Function | Value | Explanation |
---|---|---|

order | 81 | |

prime-base logarithm of order | 4 | |

exponent | 9 | |

prime-base logarithm of exponent | 2 | |

nilpotency class | 2 | |

derived length | 2 | |

Frattini length | 2 | |

Fitting length | 1 | |

minimum size of generating set | 3 | |

subgroup rank | 3 | |

rank as p-group | 2 | |

normal rank as p-group | 2 | |

characteristic rank as p-group | 1 |

## Group properties

Property | Satisfied? | Explanation |
---|---|---|

abelian group | No | |

metabelian group | Yes | |

group of nilpotency class two | Yes | |

directly indecomposable group | Yes | |

centrally indecomposable group | No |

## GAP implementation

### Group ID

This finite group has order 81 and has ID 14 among the groups of order 81 in GAP's SmallGroup library.
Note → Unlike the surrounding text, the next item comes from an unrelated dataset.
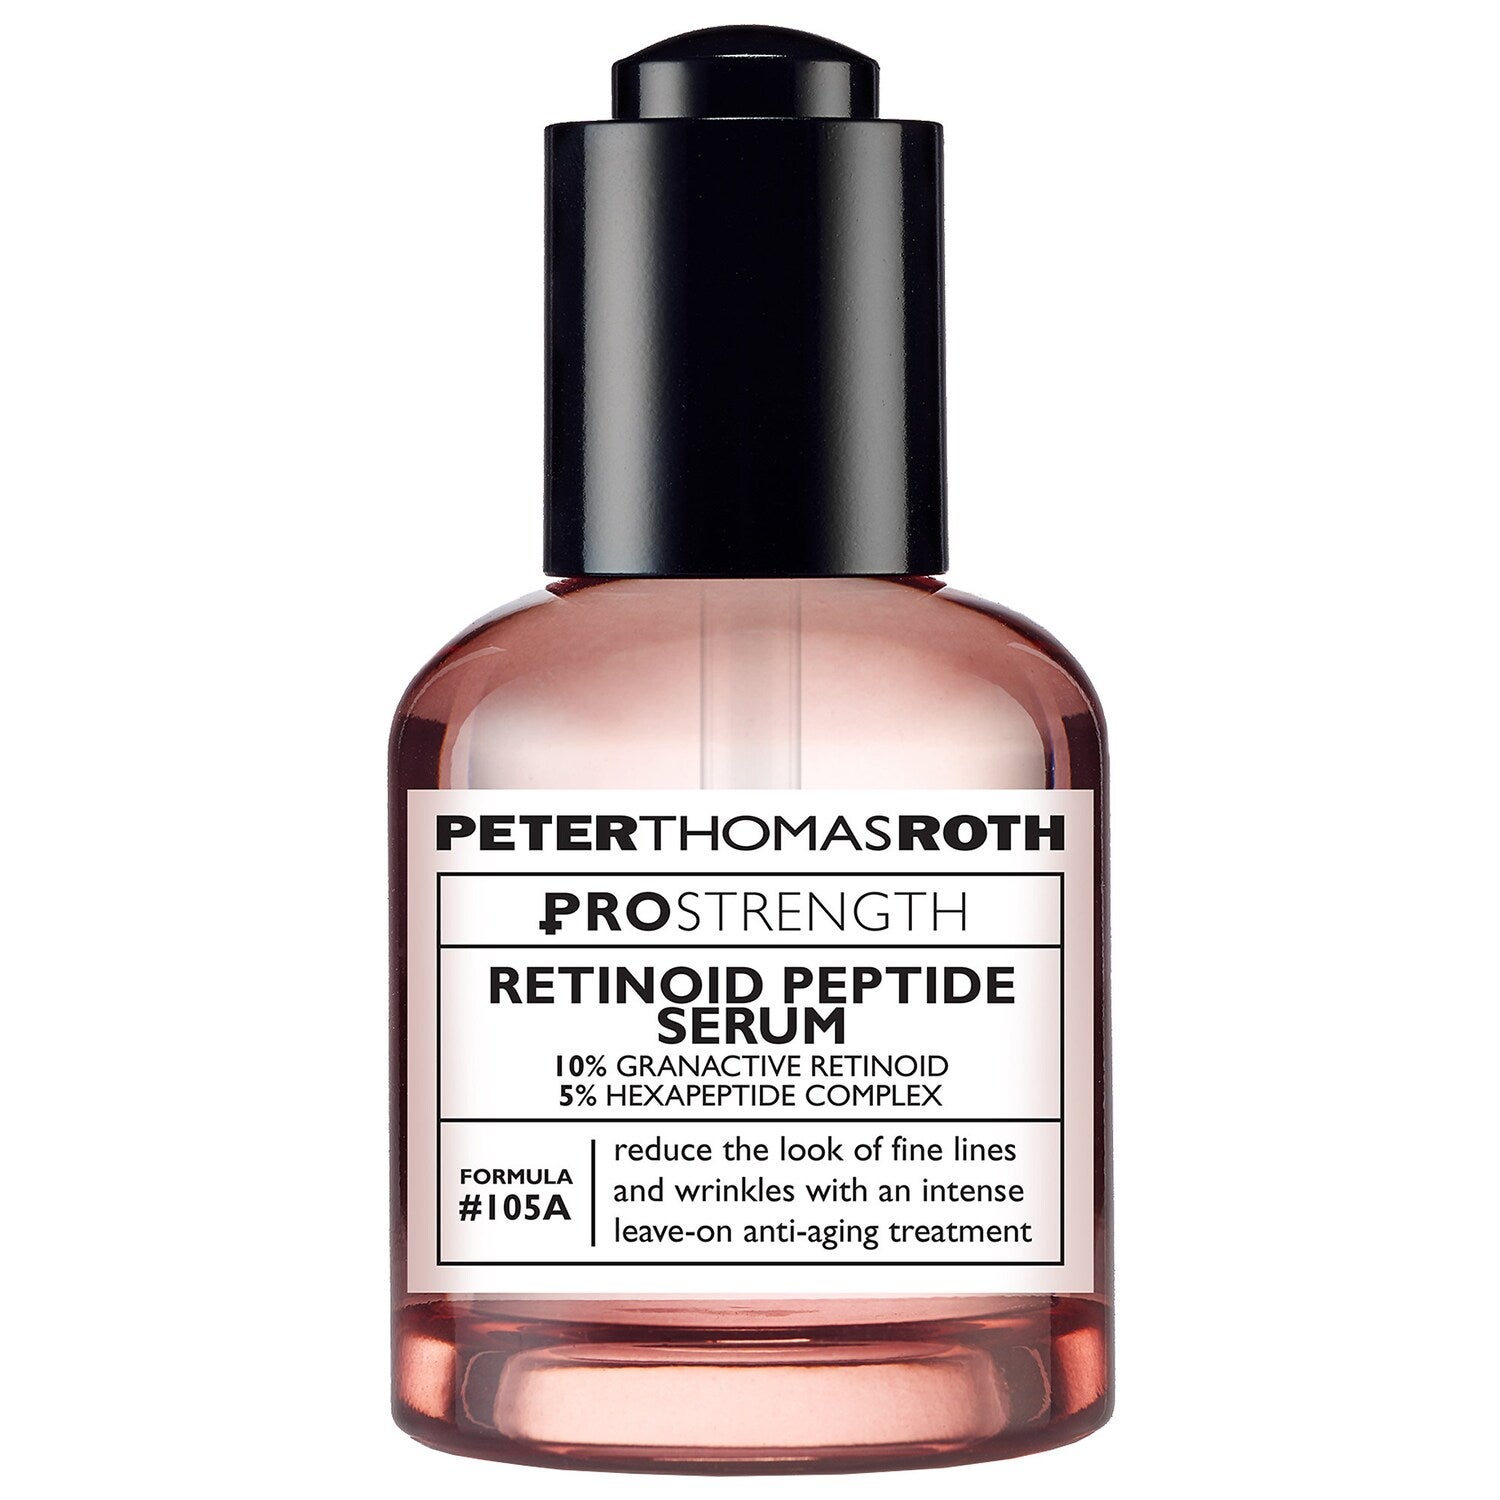 Peter Thomas Roth + Pro Strength Retinoid Peptide Serum

For context, there are 15 groups of order 81. It can thus be defined using GAP's SmallGroup function as:

`SmallGroup(81,14)`

For instance, we can use the following assignment in GAP to create the group and name it :

`gap> G := SmallGroup(81,14);`

Conversely, to check whether a given group is in fact the group we want, we can use GAP's IdGroup function:

`IdGroup(G) = [81,14]`

or just do:

`IdGroup(G)`

to have GAP output the group ID, that we can then compare to what we want.